Jay's Asset Allocation Blog

Blog about my off-hours work on the problem of Asset Allocation including but not limited to Portfolio Optimization algorithms, algorithms and approaches for improved estimation of Asset Allocation inputs and other potentially related items.

Saturday, June 12, 2010

New paper on Black-Litterman tau parameter

Finally got this paper put together enough to post for some feedback.

The crux of the paper is either to use tau properly or just drop it altogether, but no sense messing around with tau when you don't even need to. Most authors would do better to drop tau from their model and use what I call the Alternative Reference Model. I think Atillio Meucci uses the same name for it, we have some agreement that it is a different animal and can be clearly defined.

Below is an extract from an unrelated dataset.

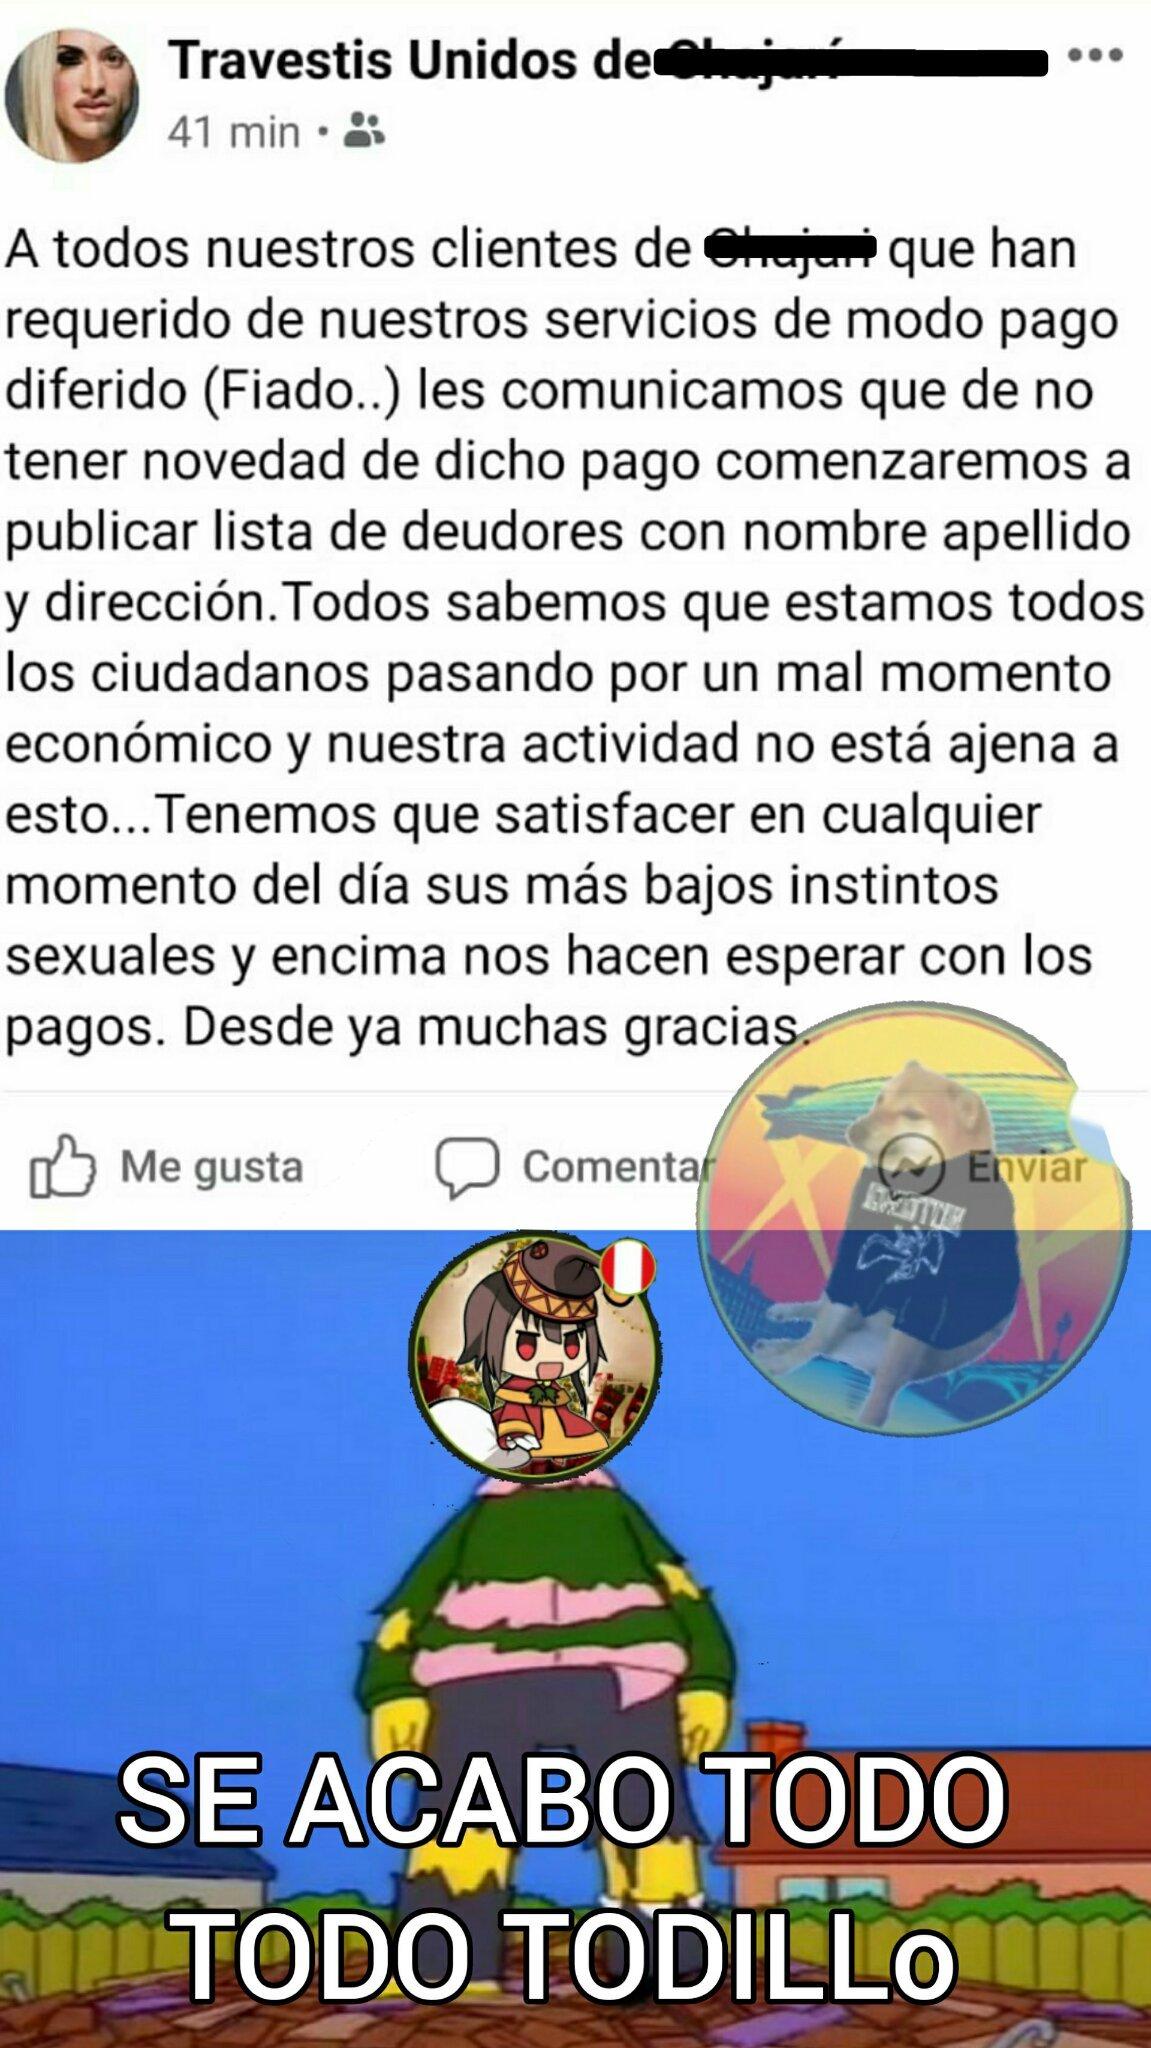 Cagaste Userdroid - meme

I expect to make a small set of edits/updates to this paper over the next week and then get it posted up on ssrn with my other paper on Black-Litterman. Mean while the big paper will also be shortly getting some edits. I've had many people tell me over the past year or areas which are not clear, mistakes or ways to simplify the paper and I am going to start making those edits. Also came upon some interesting new metrics during the research for the tau paper. I'll leave that for another time when I get the edits made to the paper.

Friday, June 4, 2010

William Sharpe's Adaptive Asset Allocation

Just read William Sharpe's article in the latest FAJ and it seems like an interesting idea, Adaptive Asset Allocation or the concept of adapting a static asset allocation to the current market conditions based on the conditions in place when the allocation policy was determined. It frees the investor from having to rebalance as the market moves, though it seems like the literature has a lot to say about the value of rebalancing. Sharpe calls that a contrarian strategy, buying losers and selling winners and that certainly seems correct. He makes some good arguments that it cannot be an equilibrium strategy, if everybody tried to sell the latest winners or buy the loser it the market wouldn't clear. There needs to be a mix of momentum investors in order to keep the market liquid. Being an equilibrium type this argument is appealing to me on some level.

Didn't see any historical results in the paper, so I guess that has been left up to somebody else to run the analysis and see how the Adaptive Asset Allocation process works over time in order to really judge it.

I am still digesting MarkKritzman's article in the March/April FAJ which told us about the 1/N fallacy. He did lots of historical analysis and showed several portfolios beating the market portfolio and I expect that they made use of rebalancing, but he didn't spend a lot of time on simple 60/40 type portfolios.